NEWS ALERT: Nigeria Evangelicals Mourn Murdered Journalists, Church Members

Tuesday, April 27, 2010

By Worthy News Africa Service with Worthy News' Stefan J. Bos

JOS, NIGERIA (Worthy News)-- Nigeria's evangelical Church of Christ was mourning Tuesday, April 27, after Nigerian Muslims killed two journalists working for a church publication and two church members in the troubled Bauchi state.

Nathan Sheleph Dabak and Sunday Gyang Bwede working for “The Light Bearer” Newspaper, Church of Christ publication, were murdered in Jos, the central Nigerian city at the epicenter of recent religious that killed hundreds of people this year alone.

The Muslims also took their cell phones and other belongings, church representatives said. When a friend of Dabak called his number one of the Muslims reportedly responded, saying, “We have killed all of them; you can do your worst.”

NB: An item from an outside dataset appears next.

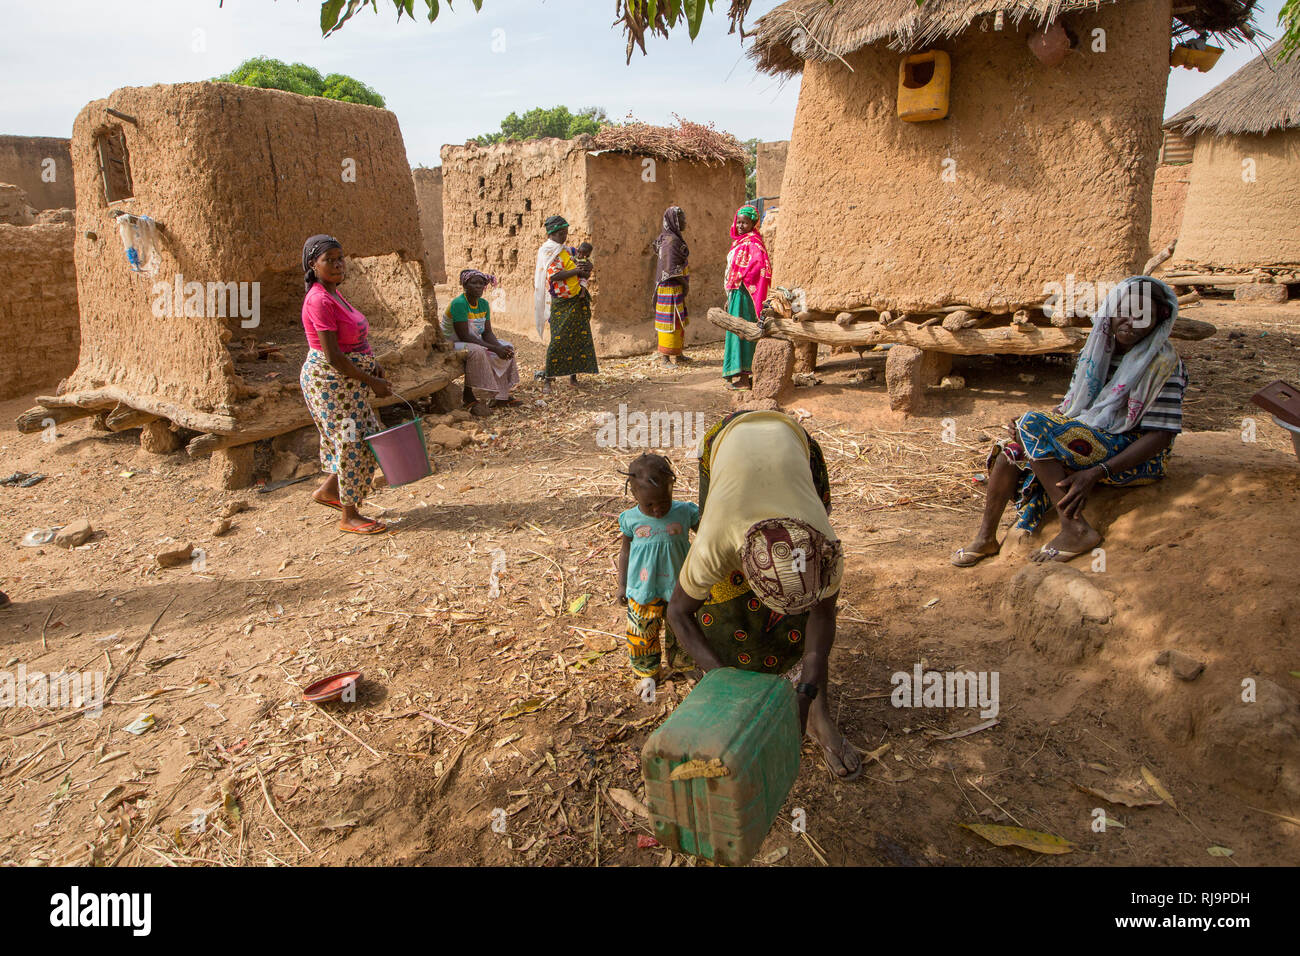 Kisambo Dorf, Yako, Burkina Faso, 28. November 2016; Frauen treffen, das ist das Dorf Markt Garten zu gehen. Stockfoto

The church said it had found their bodies on April 25 in the mortuary of the Jos University Teaching Hospital.

MORE KILLINGS

The slaying of the journalists came shortly after the murder of two members of the Church of Christ church on April 13 in Bauchi state. Reverend Ishaya Kada and his wife Selina Kada were killed by suspected Islamic militants in Boto village in Bauchi.

Witnesses said when their bodies were found, they had been burned beyond recognition. “We call all our members to remain calm; although there are security lapses. They should not panic but trust God with their lives…We must cry out to God and allow Him to take vengeance. The leadership will take the matter to appropriate quarters,” said Church pf Christ President Pandang Yamsta in a statement distributed by International Christian Concern (ICC), a major rights group.

ICC and other rights groups have expressed concerns about the reported ongoing killings of Christians in the northern Bauchi state which has a large Muslim population.

Nigeria, Africa’s most-populous country with more than 140 million people, is almost evenly split between a mainly Muslim north and a largely Christian south. Parts of the country’s center fall into a religious fault-line that erupts periodically into violence.